Tossed out of office almost the moment the war ended, he returned in 1951 for Great Britain’s next war in Korea, and then suffered a serious stroke in 1953 — the same year he received the Nobel Prize for literature.

The bulldog refused to let go, of course, so he recovered and continued his work for another decade. The earliest memory I have of television is not Bugs Bunny, but watching his extraordinary state funeral in 1965, when he was given a send-off normally reserved for a king.

For Churchill, words mattered.

He mobilized the English language and sent it into battle, when there was nothing else left that could be done. For his political foes, in Britain and abroad, his combination of words, delivery and public image were devastating — Churchillian, in fact.

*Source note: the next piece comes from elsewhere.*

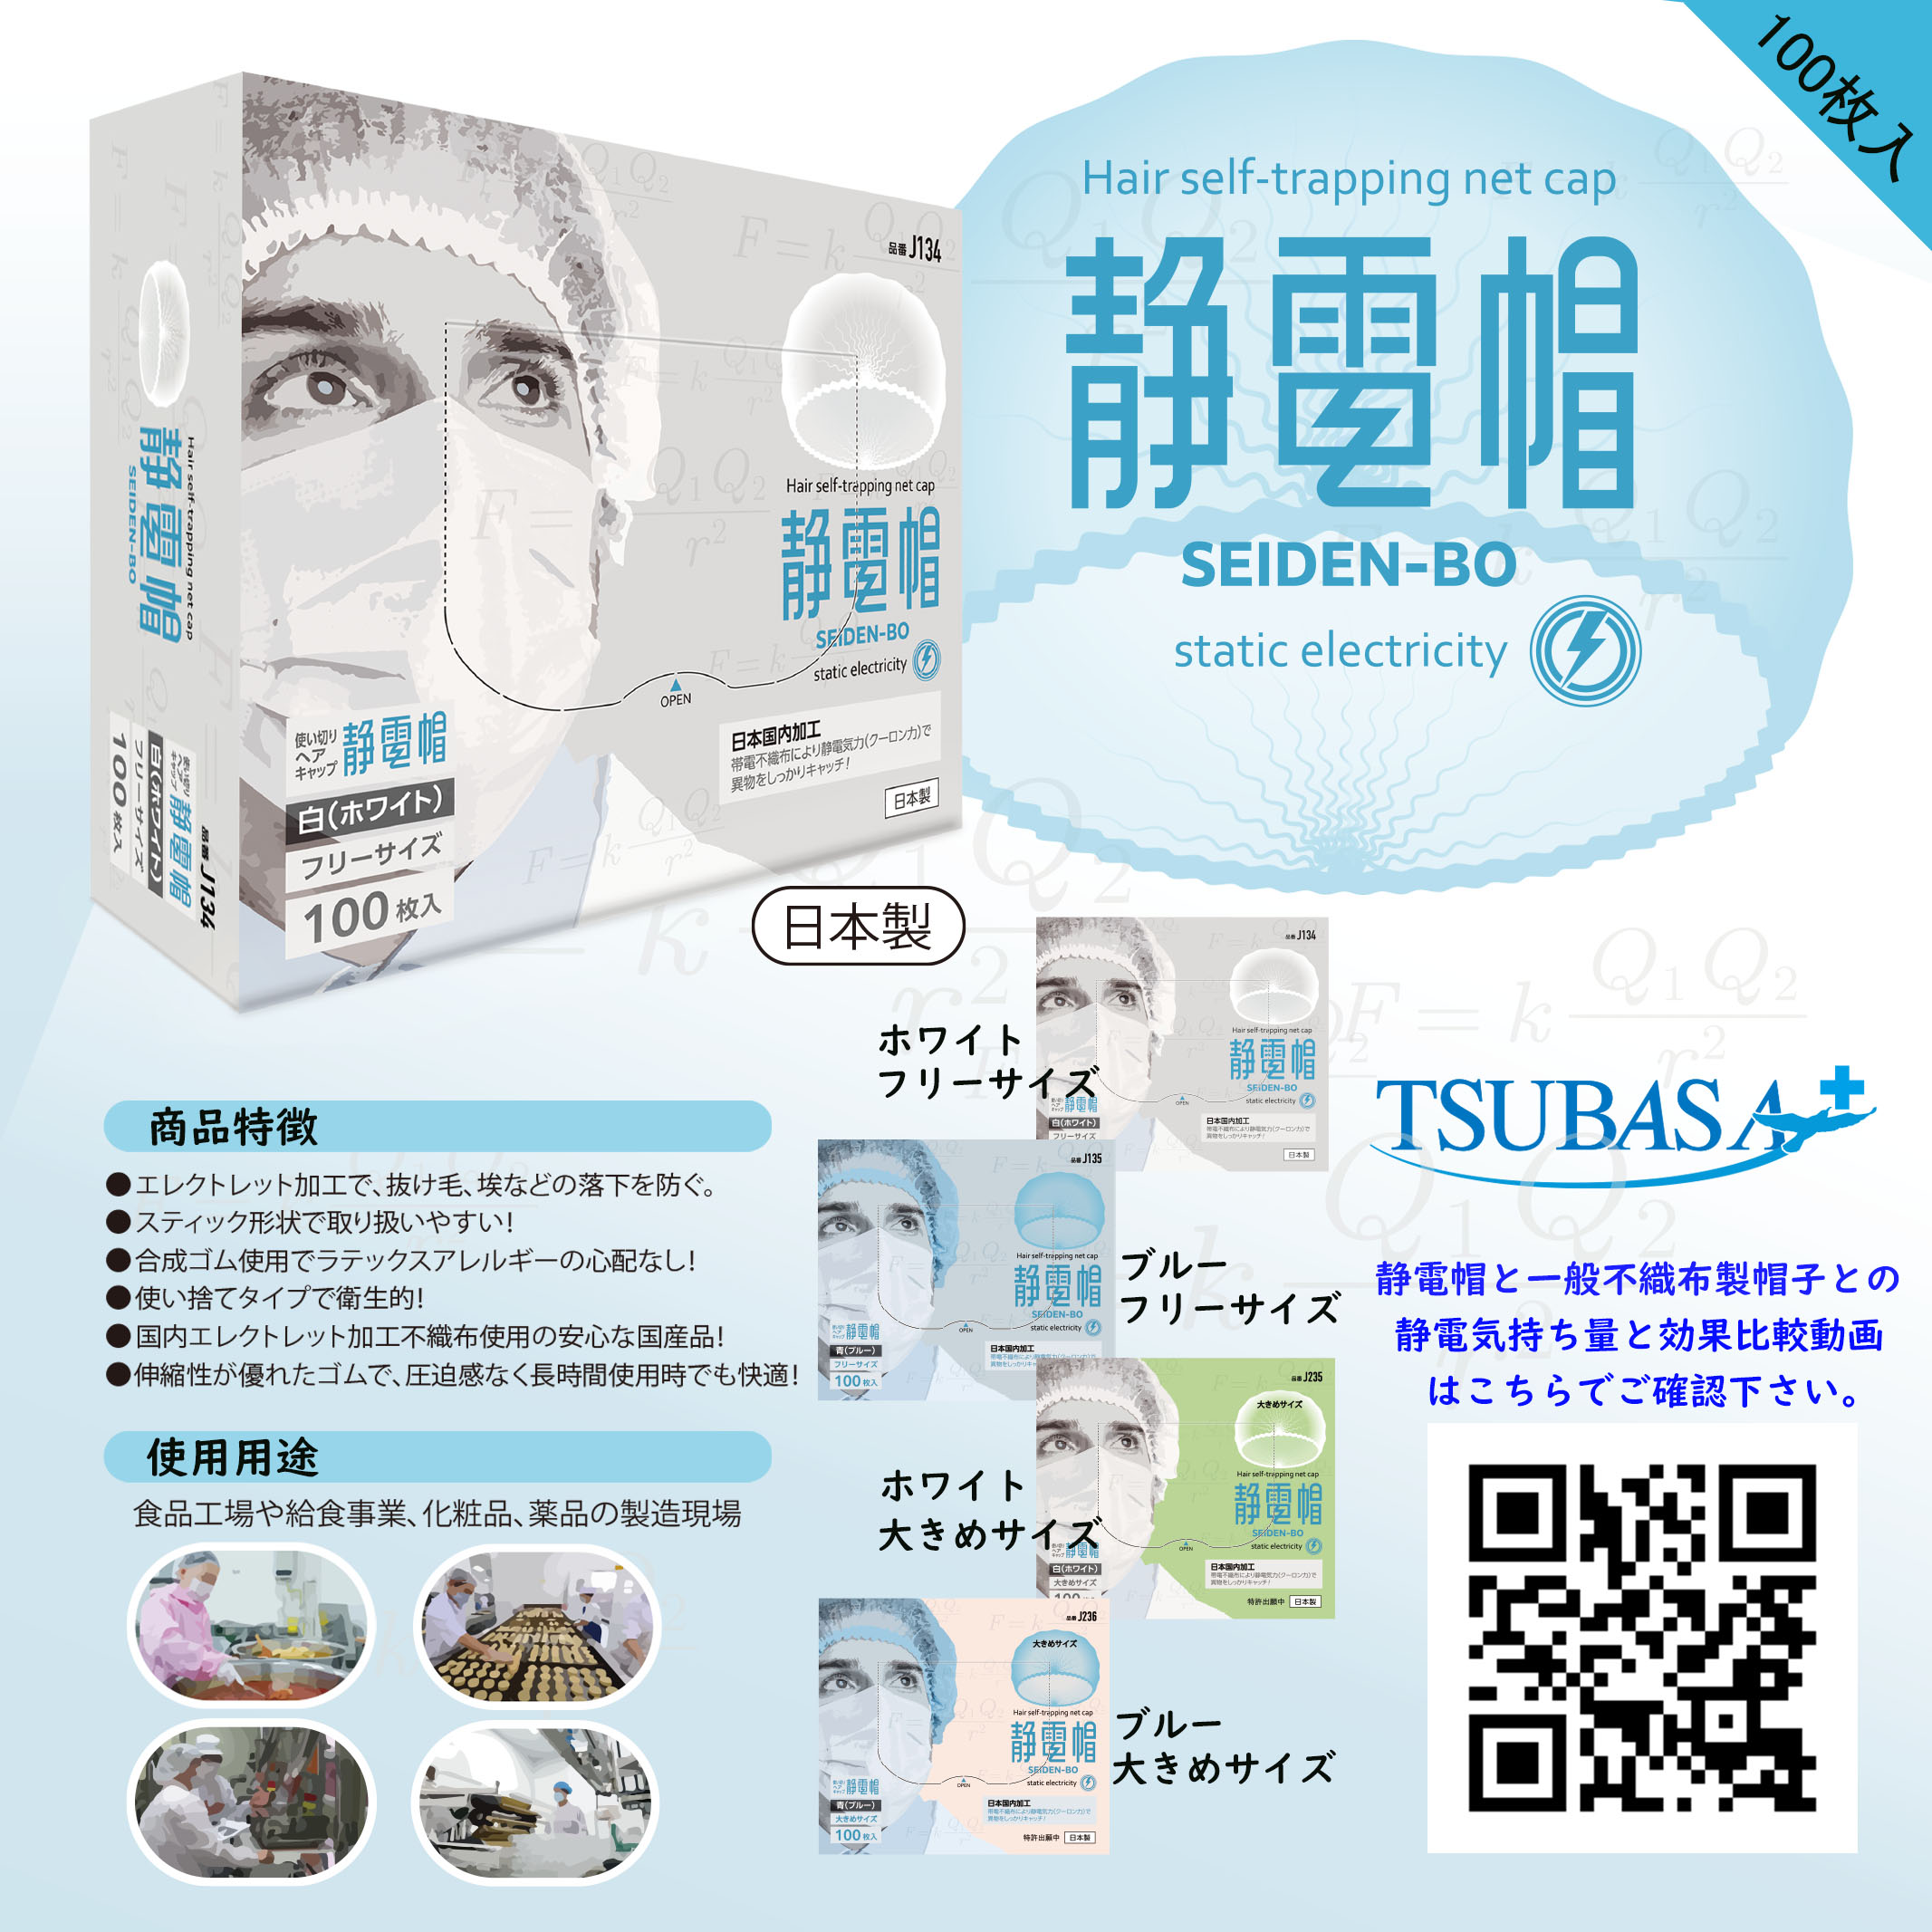 【日本製】TSUBASA 静電帽 使い捨て 白 ギャザーキャップ 使い切り 不織布 100本入り フリーサイズ ホワイト

But for the rest of the world, his words could be as inspirational as his analysis was incisive. Seventy-two years ago, his speech at Westminster College in 1946 framed the Cold War in a similar fashion, calling out the Soviet Union for “the iron curtain” that had fallen across Europe.

Today, there are no literary prizes given for politicians’ speeches, written by others and read poorly from a TelePrompTer. Analysts are left with nothing to say afterward, because the politicians have offered so little. Audience response is dutiful or added in studio. Image, not substance, is all that matters in the obligatory 15-second sound bite.

Political leadership has become an oxymoron, a poor joke on democratic institutions that seem to have a death wish instead of a vision for a better future. Competence is feared, honesty avoided and real answers to current problems — such as the questions dodged in parliamentary sessions — are best left to someone else, tomorrow.

The same things happened just before Churchill finally got the job. The other politicians focused on aspiration, what they wanted to happen, instead of focusing on inspiration, bringing the country together in ways that would make something happen.

His most important speeches were never recorded, just reported. Yet the tides of war changed in that moment, because of who he was, what he said and how he said it.

Today, we have lost our way.

Trying (unsuccessfully) to avoid the problems of patriarchy, we look for facilitators instead of leaders, focusing on process instead of outcome, ensuring all voices are heard, whether or not they have something useful to say. Everyone gets a ribbon.

Leadership at any level is a perilous choice for someone to make. To make things worse, the ones who seek it out these days seem the least likely to be the leaders we need.

Yet we are at war, with the planet and with ourselves, for a future in which all the defenceless children of Earth will have to live.

We need more leaders like Winston Churchill. For all his flaws, he identified the real enemy, what needed to be done to stop it, and how. Words, by themselves, were not enough — but that was the right place to start.

We must hold those in leadership accountable for their words as well as for their actions, expecting inspiration instead of aspiration, demanding a vision for what we all can do together that goes beyond winning the next election.

If they have a dream, we need to hear it and be inspired to share it. Otherwise, like Neville Chamberlain, they need to step aside before it is too late.